*** LISTED ENTRIES Section Begins ***

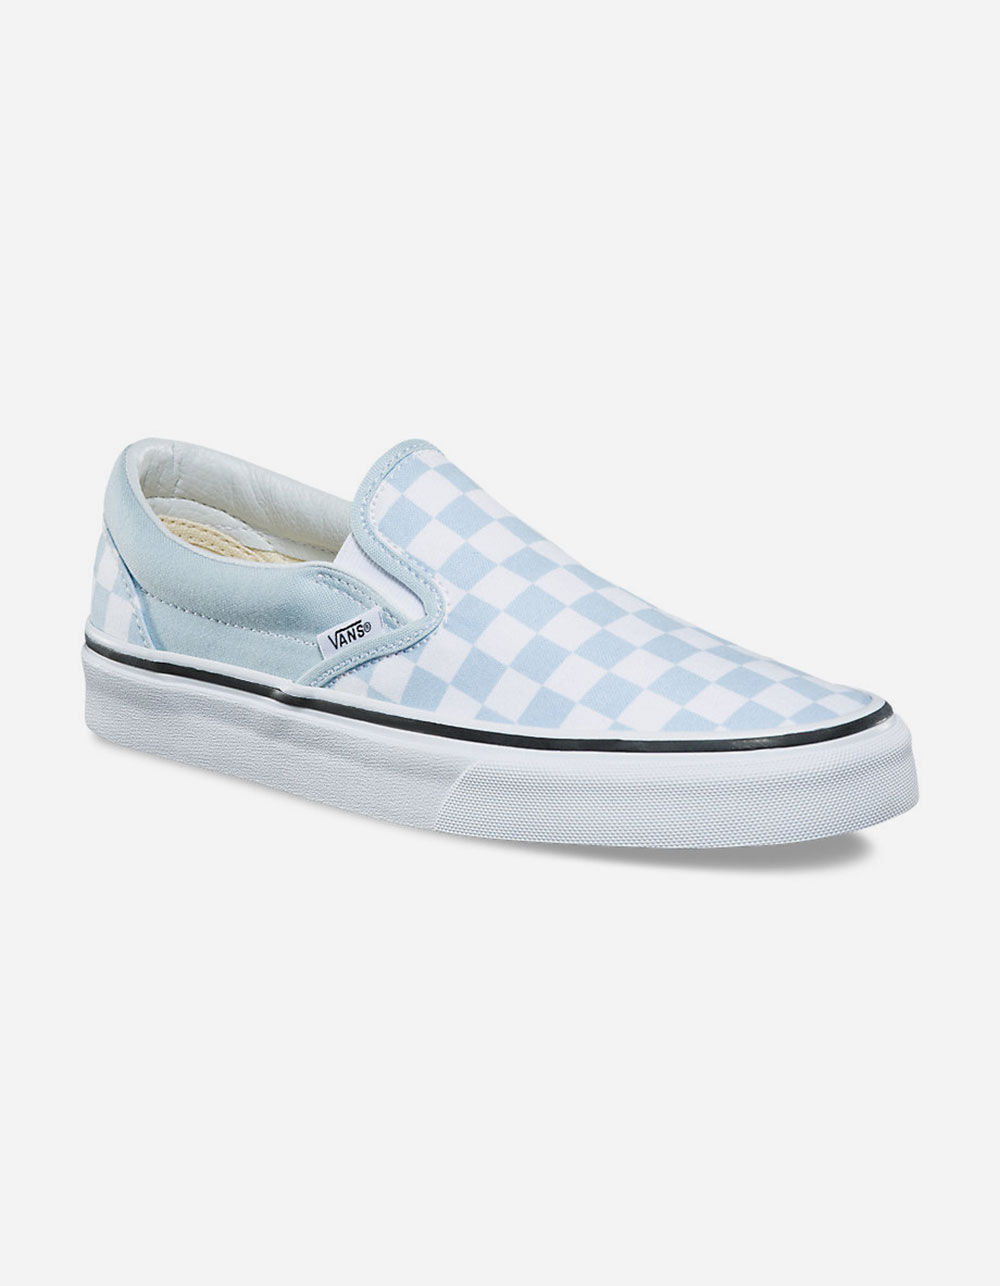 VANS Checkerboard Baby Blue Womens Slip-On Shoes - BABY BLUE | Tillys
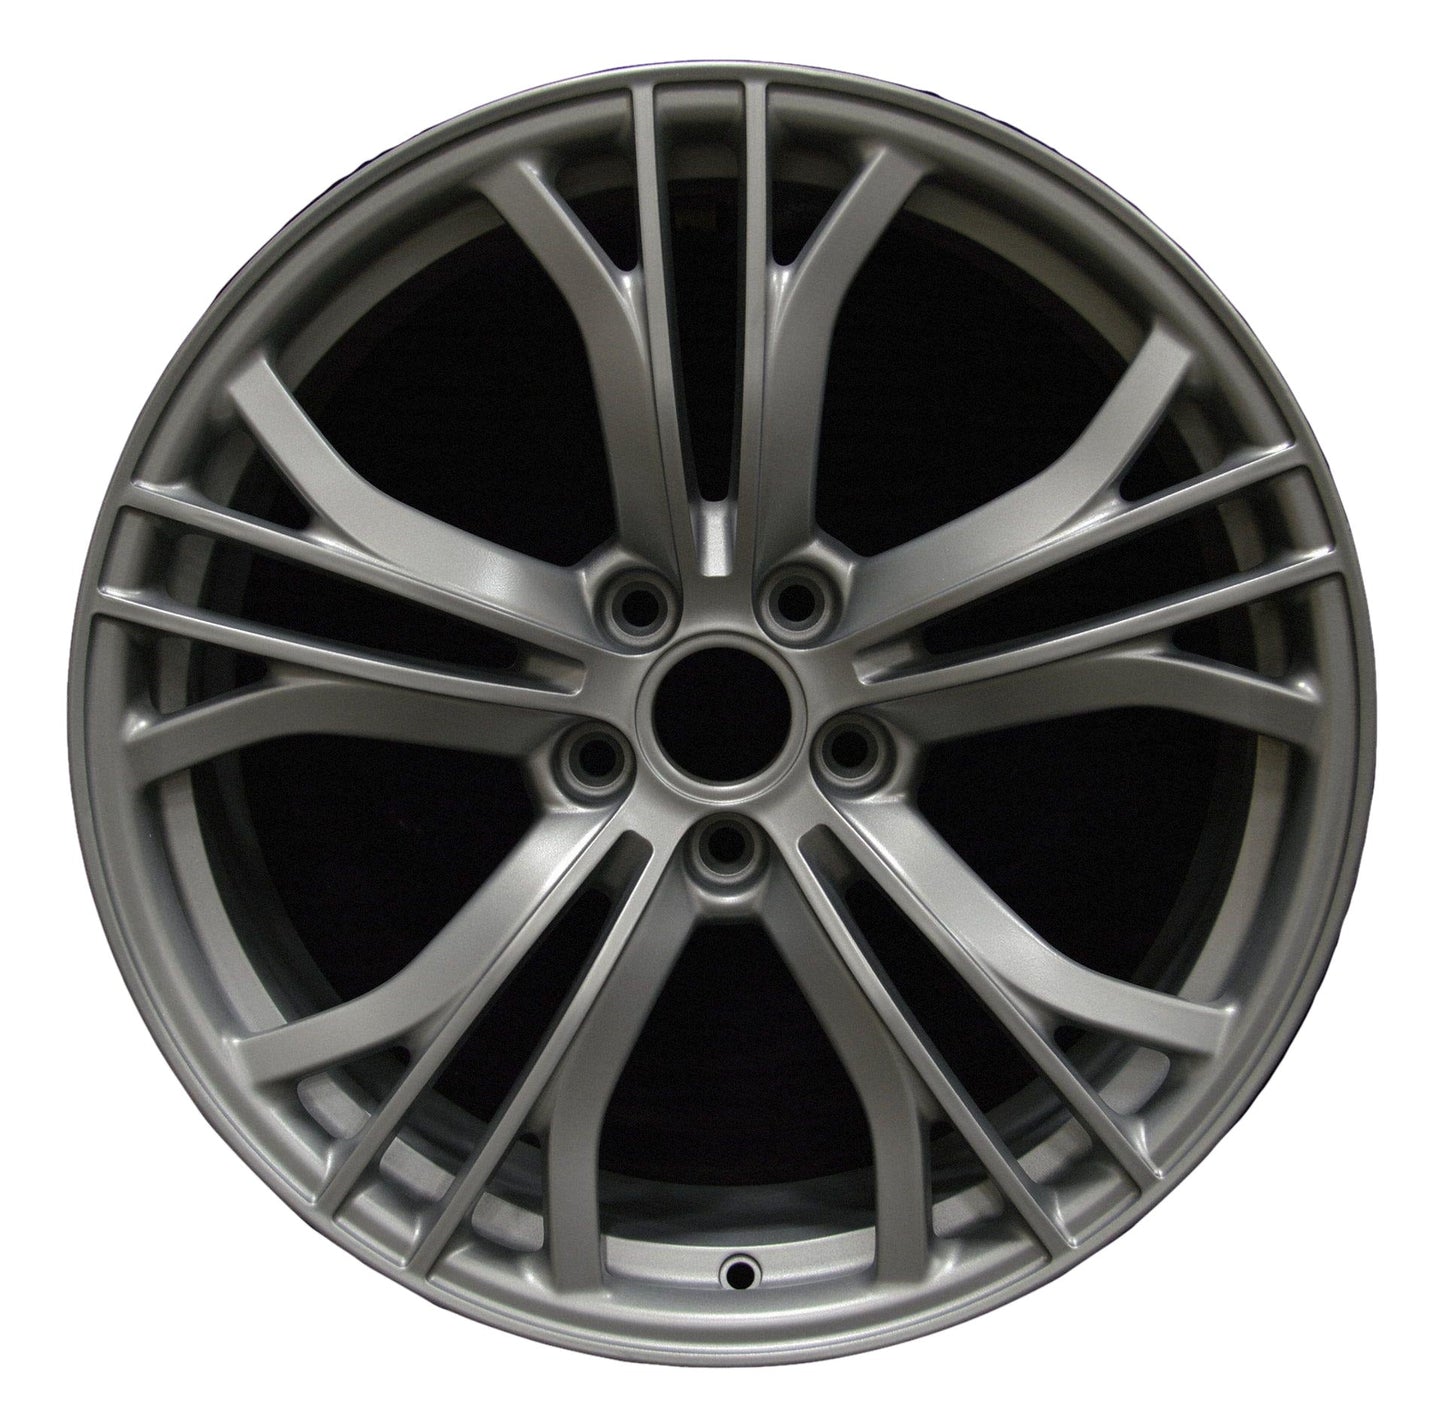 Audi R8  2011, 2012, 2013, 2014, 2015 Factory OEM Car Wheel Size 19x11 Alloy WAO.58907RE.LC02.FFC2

*** LISTED ENTRIES Section Ends ***
*** LISTED ENTRIES Section Begins ***

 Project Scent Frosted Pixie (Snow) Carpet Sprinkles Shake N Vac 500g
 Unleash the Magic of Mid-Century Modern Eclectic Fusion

*** LISTED ENTRIES Section Ends ***

* _YOUR GOAL_: Go to the line in the material above that contains "Project Scent Frosted" and copy exactly from there through the line that contains "Unleash the Magic", stopping after it.

* _SOLVED PROBLEM_:
 Project Scent Frosted Pixie (Snow) Carpet Sprinkles Shake N Vac 500g
 Unleash the Magic of Mid-Century Modern Eclectic Fusion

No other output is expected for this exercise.